Huw Belling introduces The Song Company’s Pairings & Odd Couples. Photo © Peter Hislop

The first four songs were a wildly contrasting progression (by Guido D’Arrezo, Orlando di Lassus, Arvo Pärt and Irish composer Gerald Barry), all demonstrating the use of the C-Major scale as spine and anchoring theme. The six singers were immediately in their element, with tone, balance and dynamic expression all stunningly good. Watching each other as if in conversation, lead lines were passed in effortless, unfussy relay.  

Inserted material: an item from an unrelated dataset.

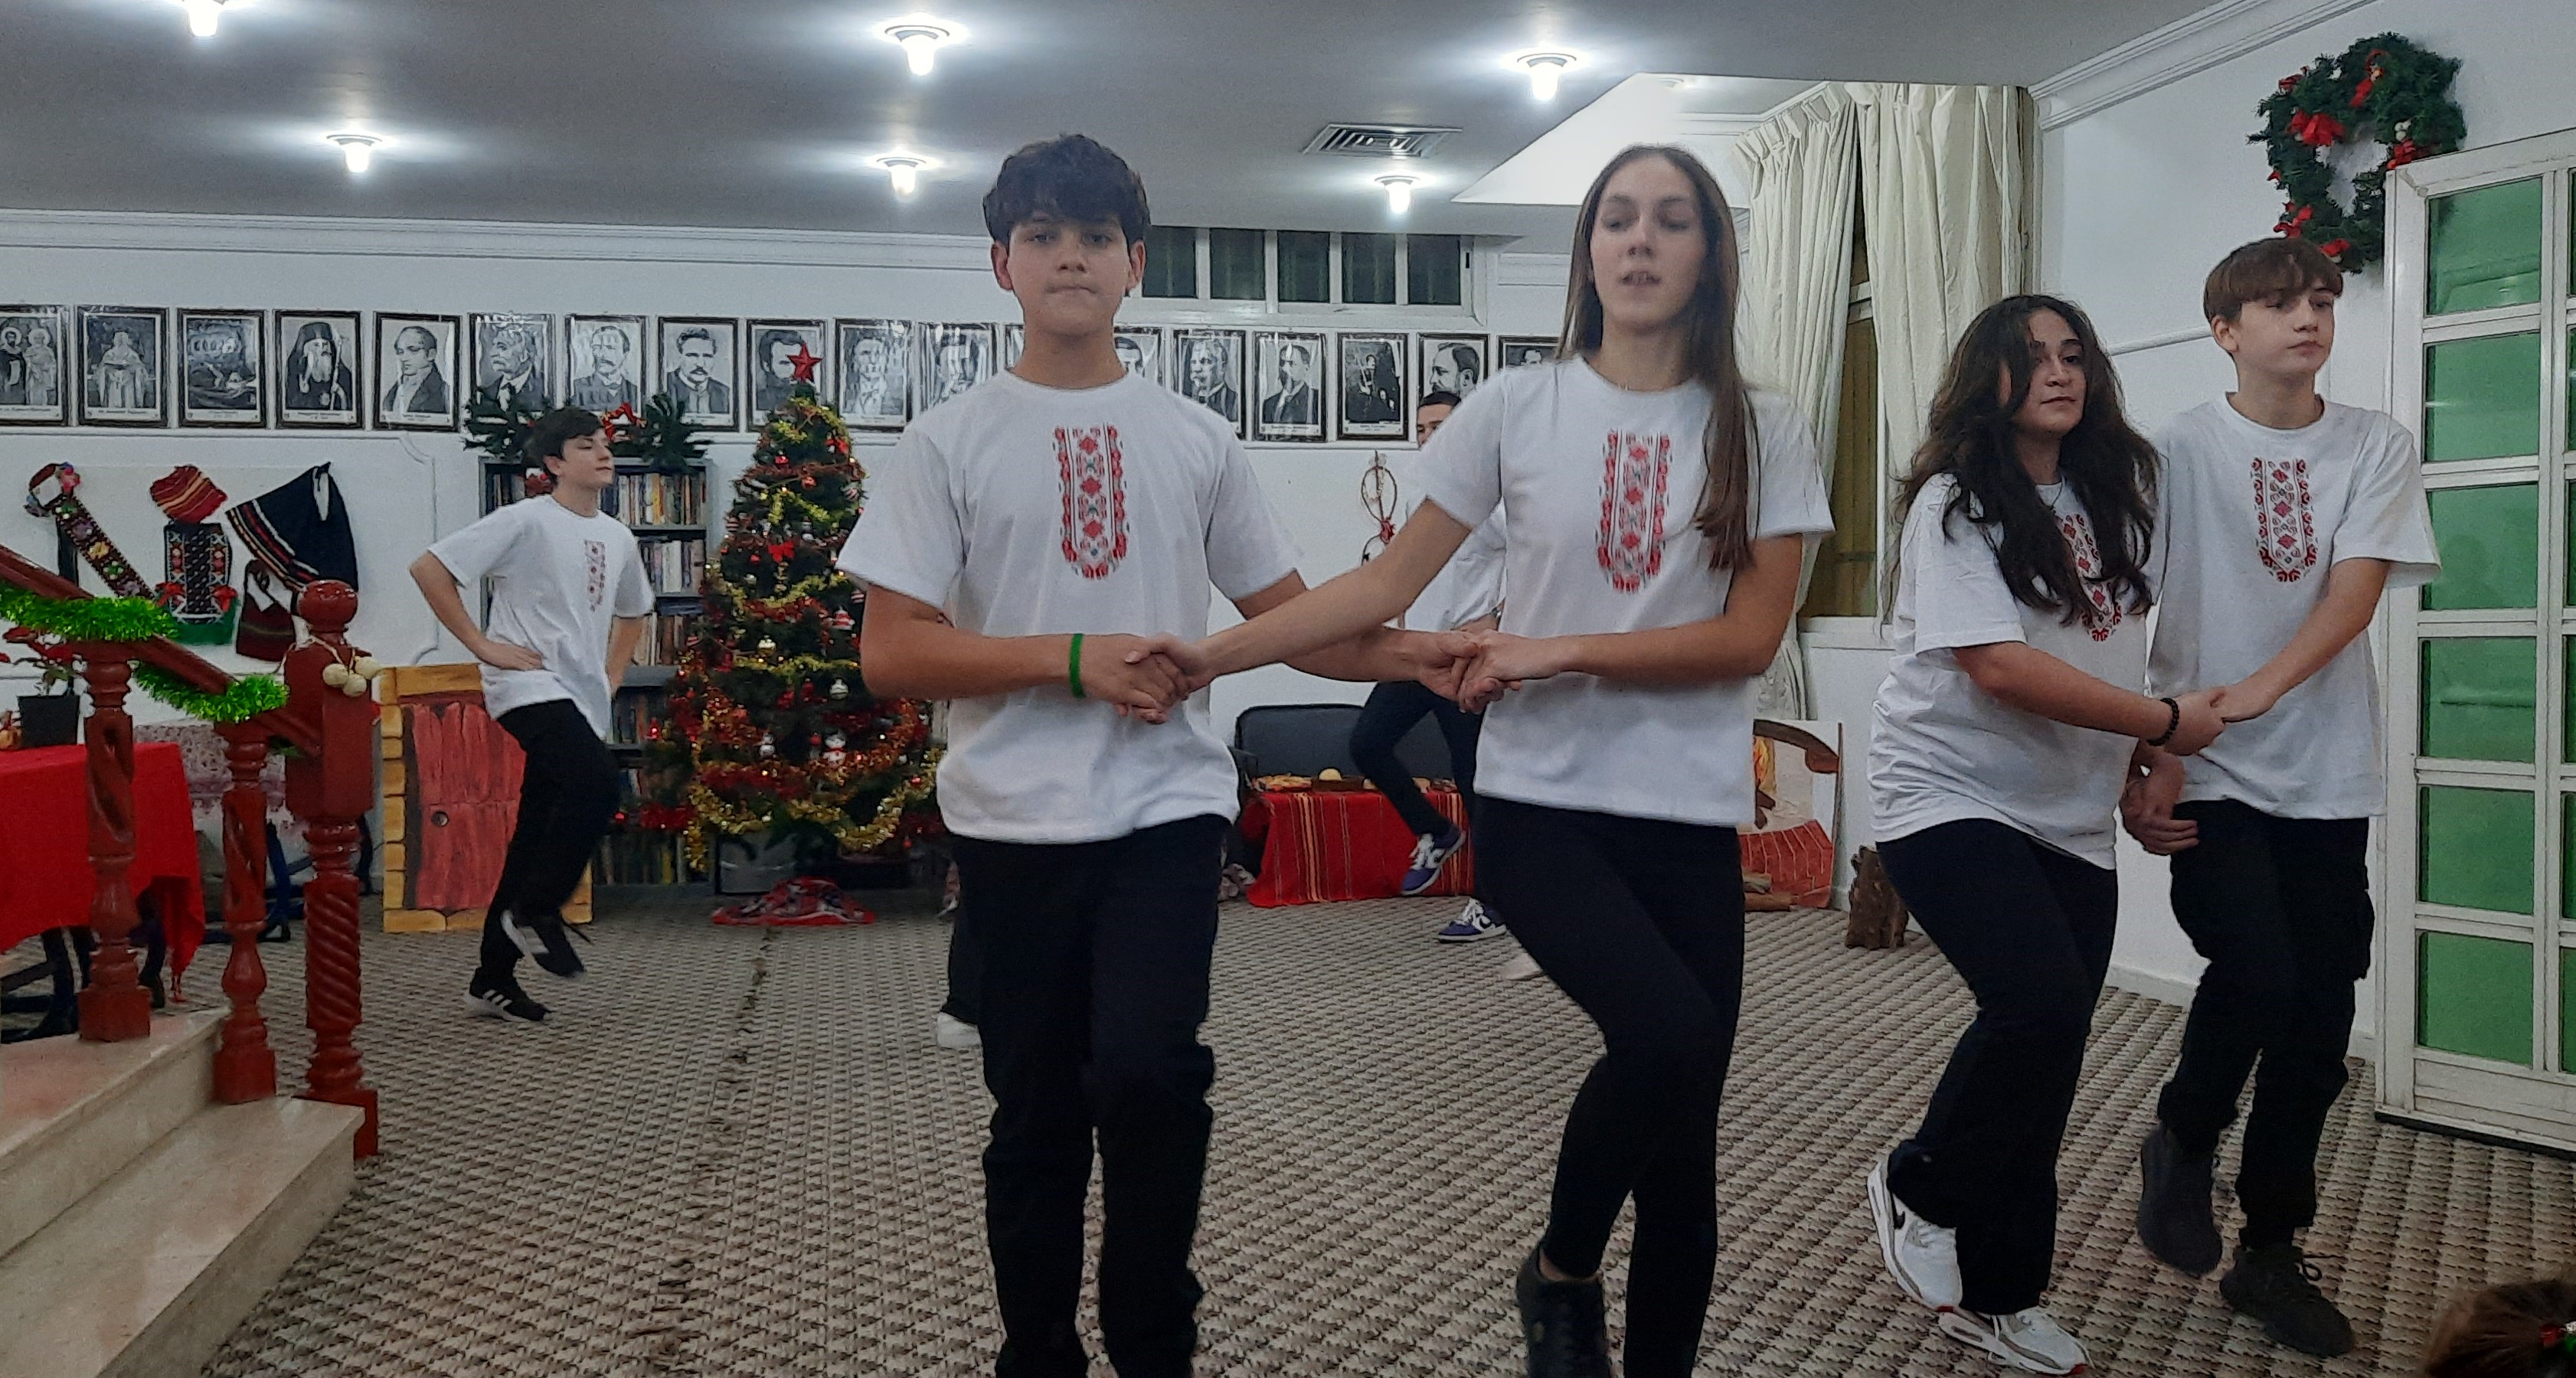 Българската общност и Българско неделно училище „Св. св. Кирил и Методий“ към Посолството ни в Кувейт заедно отпразнуваха наближаващата Коледа

Barry’s Long Time is a prose meditation on sleep and wakefulness, examining the impressions we receive from each of our senses. Words are spoken in rapid-fire lines up and down the scale, and then crossing each other. The scales modulate to melodic and harmonic minor, and then shake their bonds altogether to become clashing and discordant, finishing with fiendishly high notes for the sopranos and a soft whistled final note. The work is almost unkind in its level of difficulty, but these vocalists shrugged it off. 

Pärt’s Solfeggio was more relaxed, but similarly employed long-sounded notes, building and clashing, moving to more difficult intervals and chords as the work progressed.

The Song Company: Pairings and Odd Couples. Photo © Peter Hislop

Moving to the ‘spiritual’ theme, Pärt’s Magnificat has an early music feel to begin, with simple repeated notes and harmonies not departing much from an anchor note (which felt like the drone of a hurdy-gurdy).  Becoming gradually more complex, voices headed off into polyphony, carrying off some magical discordant moments and a very challenging final chord. Roxanna Panufnik’s short Nunc Dimittis was a more recognisable, but modern expression of a liturgical classic.  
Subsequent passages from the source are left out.